French court musician

Jean Danican (D'Anican) Philidor (c. 1620 – September 8, 1679) was a court musician at Versailles during the reign of Louis XIII, and a member of the prestigious Philidor family. The name Philidor was conferred upon Jean's elder brother, Michel Danican (c. 1610–1659), by Louis XIII, when his oboe playing reminded the monarch of the Italian virtuoso oboe player, Filidori of Siena; however, Michel never formally adopted the surname. Jean is the first individual to be found documented as "Danican dit Filidor" (or "Danican called Philidor"), and evidence implies that he assumed the name at the time of his brother's death, in 1659.

==Musical career==
While he was perhaps best known for his virtuosic oboe playing, Jean Danican Philidor was a versatile member of the French musical court, also playing the fife, crumhorn, and trumpet marine.

===Chronology===
- By 1645:
  - Royal Service - Oboist in the Musketeers
  - Member of the Grande Ecurie, a "branch of the royal musical establishment that supported military and other outdoor performances"
- By 1654:
  - Member of the "Cromornes et Trompettes Marines"
- By 1659:
  - Member of "Fifres et Tambours", or the "Fife and Drum Corps"

===Composition===
It is likely that Jean Danican Philidor was a composer of dance suites; however, scholars are uncertain whether works signed "Philidor le père" are composed by Jean Danican, or his son André, who was also known as Philidor l'Ainé (Philidor the elder).

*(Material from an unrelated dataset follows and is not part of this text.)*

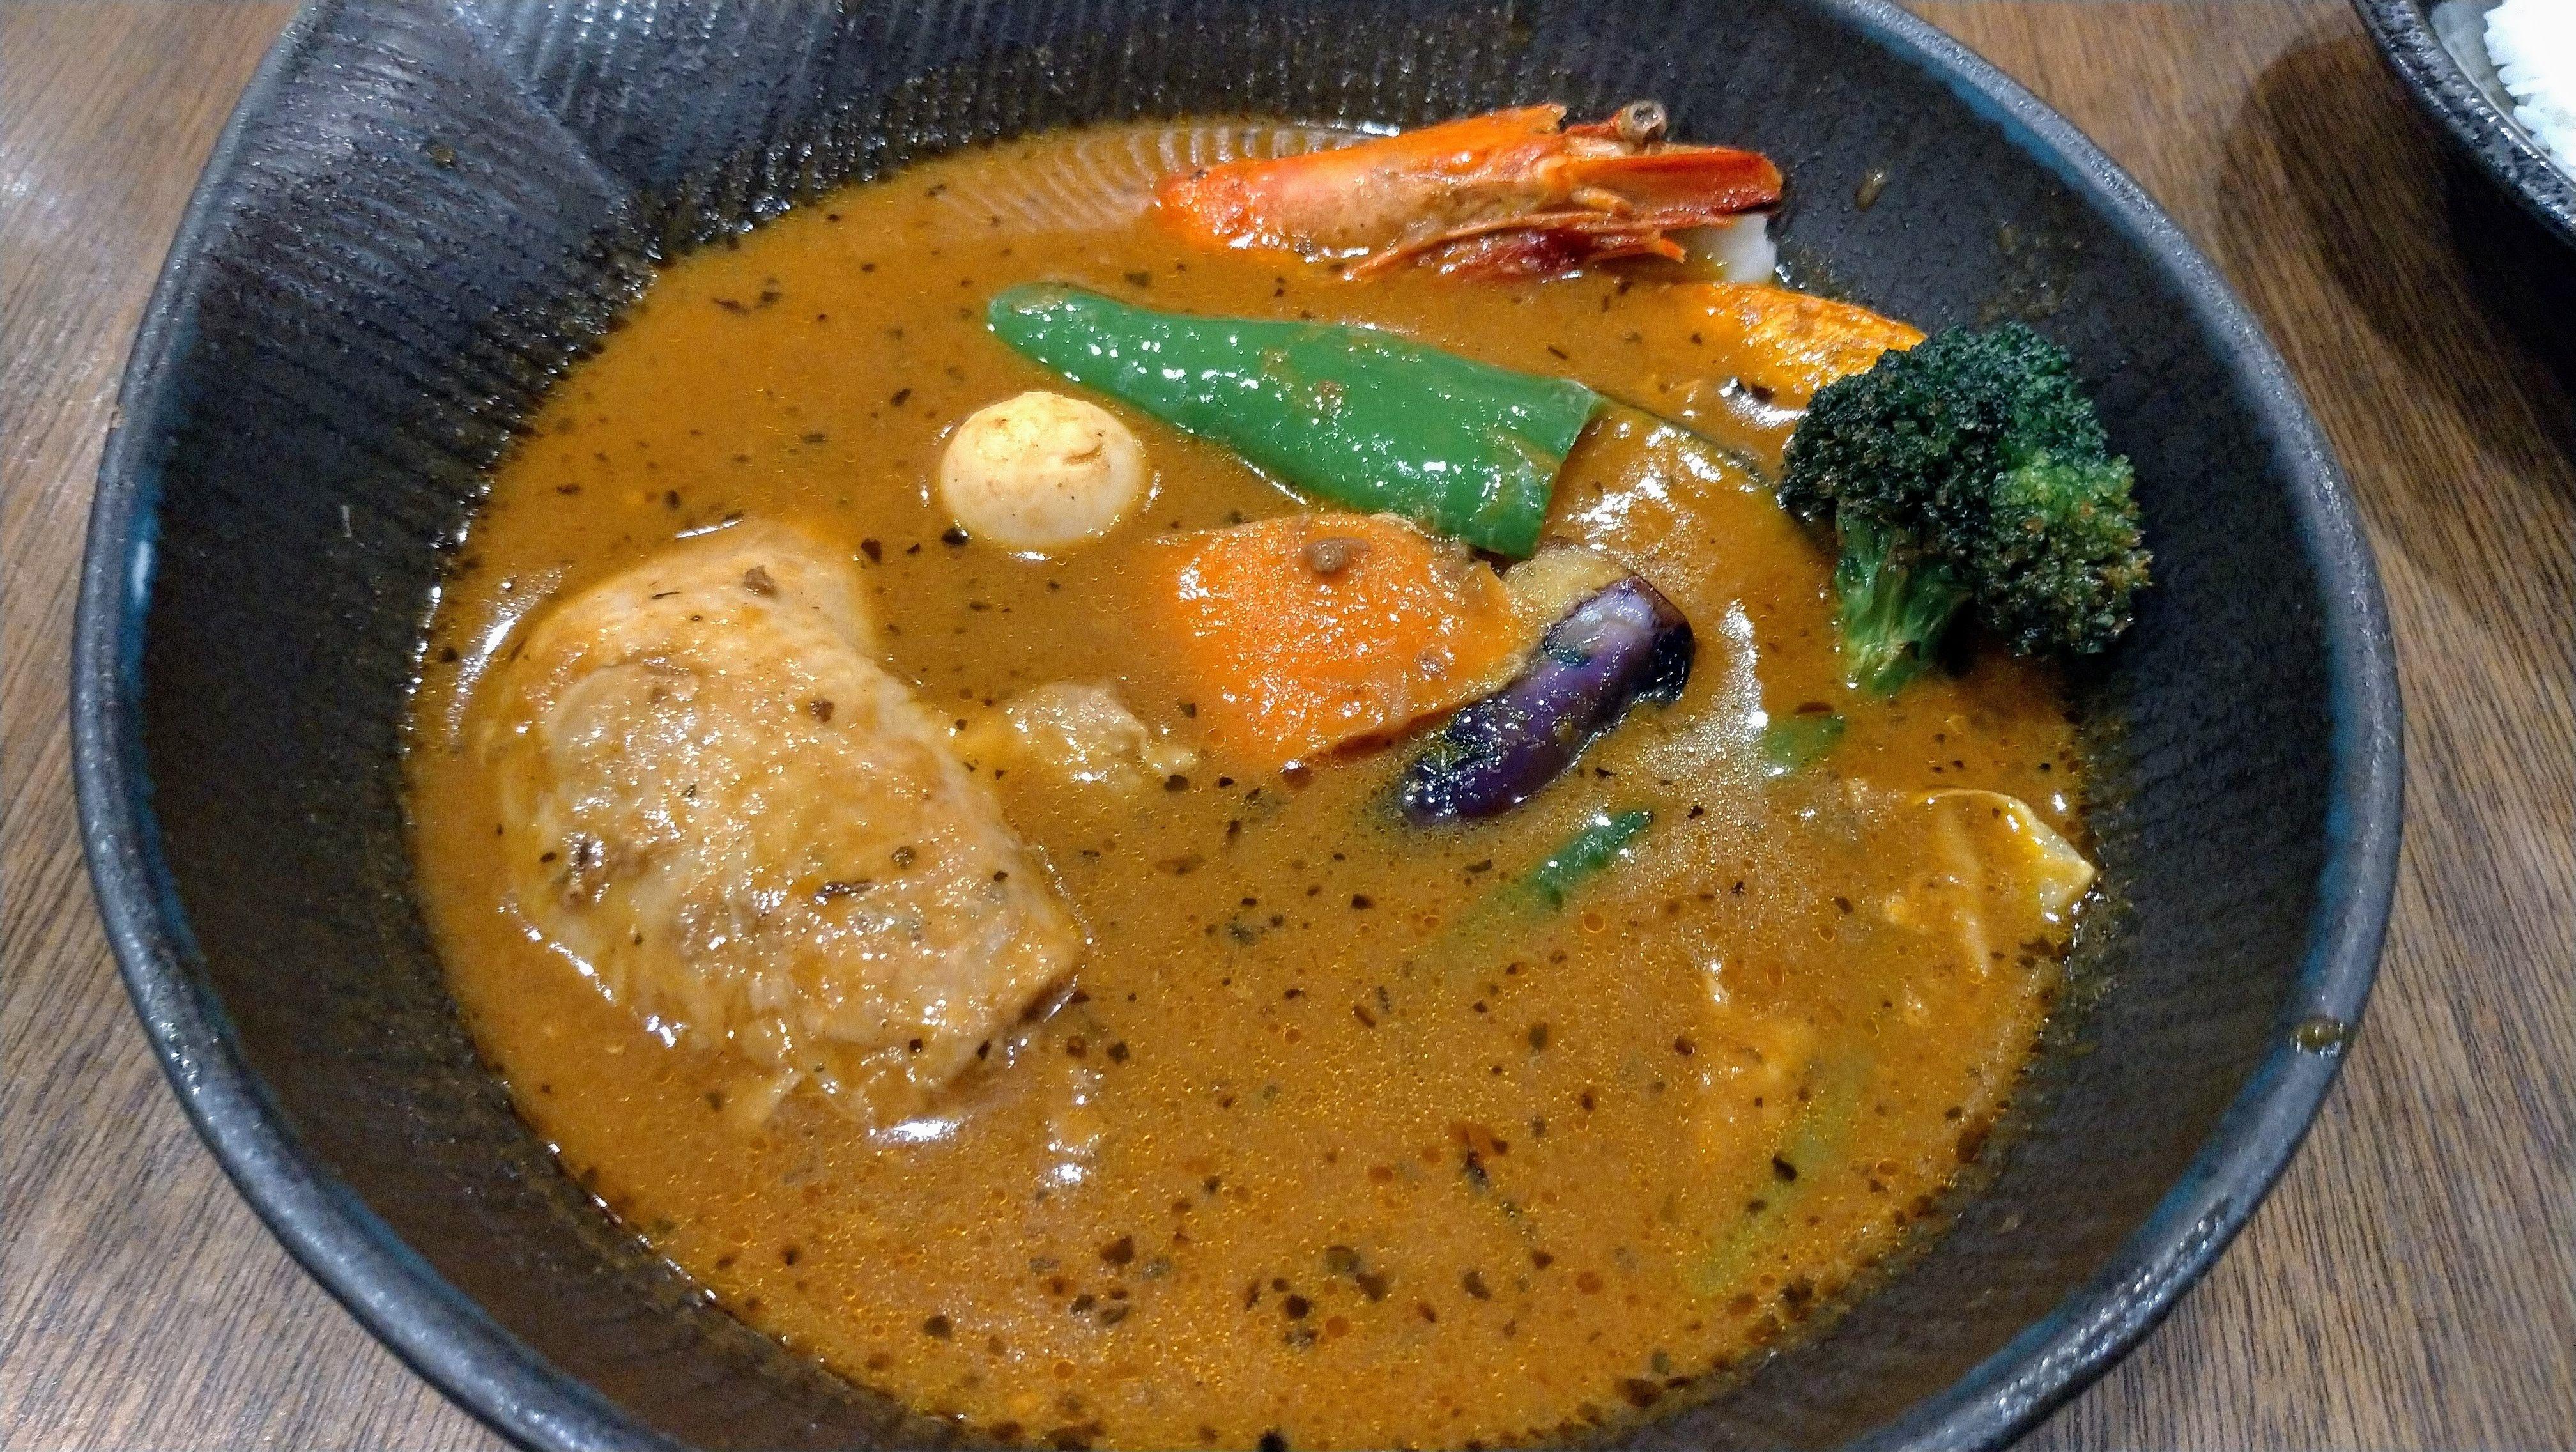 安倍総理も食べた新千歳空港スープカレーlaviのチキンカレー カレー スープカレー チキンカレー

===Development of the oboe===
Jean Danican and his brother Michel were among the first ever professional oboe players. Along with other prominent musical families at court, like the Chédevilles and the Hotteterres, they were responsible for the oboe's transformation from its Medieval form, the shawm, to the three-joint structure that remains in use today.

==Family==
Jean Danican had two accomplished musical sons, André Danican Philidor (1647–1730) and Jacques Danican Philidor (1657–1708), known respectively as Philidor l'ainé (Philidor the elder) and Philidor le cadet (Philidor the younger). His grandson, François-André, son of Philidor the elder, was a renowned musician and chess player.